Abstract
The contribution of epigenetic variation to phenotypic variation is unclear. Imprinted genes, because of their strong association with epigenetic modifications, represent an opportunity for the discovery of such phenomena. In mammals and flowering plants, a subset of genes are expressed from only one parental allele in a process called gene imprinting. Imprinting is associated with differential DNA methylation and chromatin modifications between parental alleles. In flowering plants imprinting occurs in a seed tissue – endosperm. Proper endosperm development is essential for the production of viable seeds. We previously showed that in Arabidopsis thaliana intraspecific imprinting variation is correlated with naturally occurring DNA methylation polymorphisms. Here, we investigated the mechanisms and function of allele-specific imprinting of the class IV homeodomain-Leucine zipper (HD-ZIP) transcription factor HDG3. In imprinted strains, HDG3 is expressed primarily from the methylated paternally inherited allele. We manipulated the methylation state of endogenous HDG3 in a non-imprinted strain and demonstrated that methylation of a proximal transposable element is sufficient to promote HDG3 expression and imprinting. Gain of HDG3 imprinting was associated with earlier endosperm cellularization and changes in seed weight. These results indicate that epigenetic variation alone is sufficient to explain imprinting variation and demonstrate that epialleles can underlie variation in seed development phenotypes.

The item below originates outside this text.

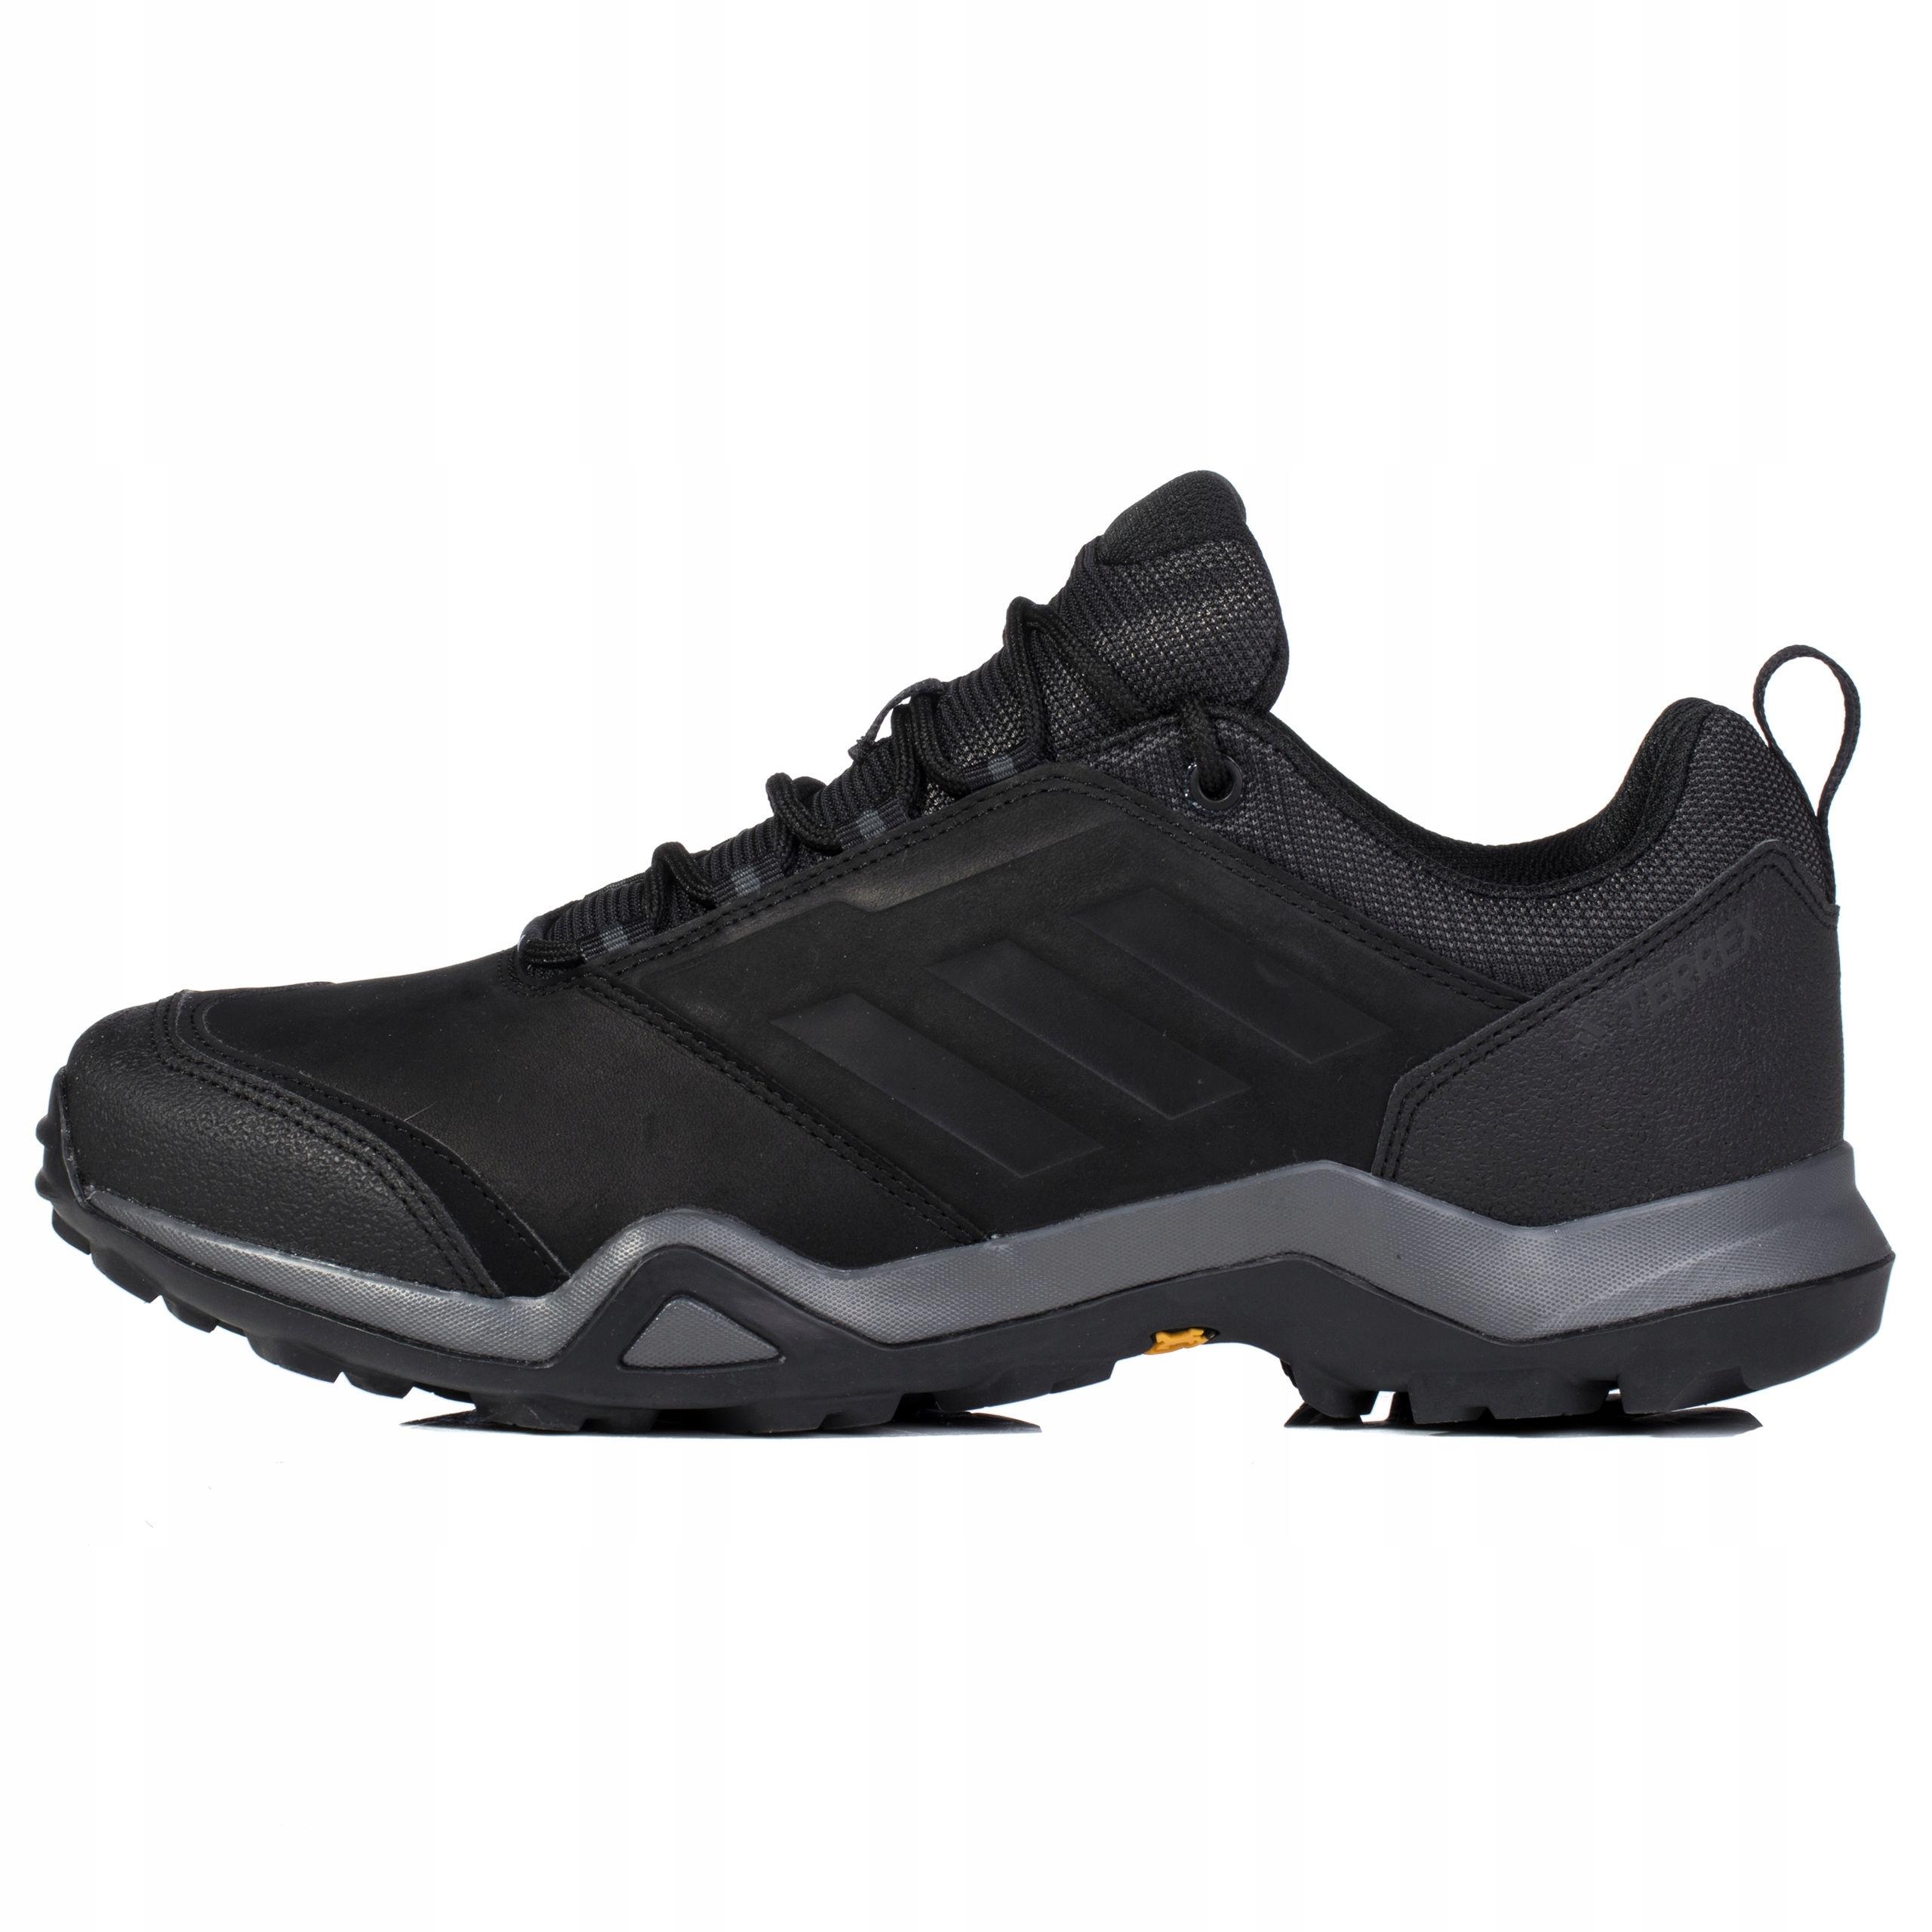 Buty męskie adidas Terrex Brushwood Leather czarne AC7851 44 23

Author Summary The contribution of genetic variation to phenotypic variation is well-established. By contrast, it is unknown how frequently epigenetic variation causes differences in organismal phenotypes. Epigenetic information is closely associated with but not encoded in the DNA sequence. In practice, it is challenging to disentangle genetic variation from epigenetic variation, as what appears to be epigenetic variation might have an underlying genetic basis. DNA methylation is one form of epigenetic information. HDG3 encodes an endosperm specific transcription factor that exists in two states in A. thaliana natural populations: methylated and expressed and hypomethylated and repressed. We show that pure epigenetic variation is sufficient to explain expression variation of HDG3 – a naturally lowly expressed allele can be switched to a higher expressed state by adding DNA methylation. We also show that expression of HDG3 in strains where it is normally hypomethylated and relatively repressed causes a seed development phenotype. These data indicate that naturally circulating epialleles have consequences for seed phenotypic variation.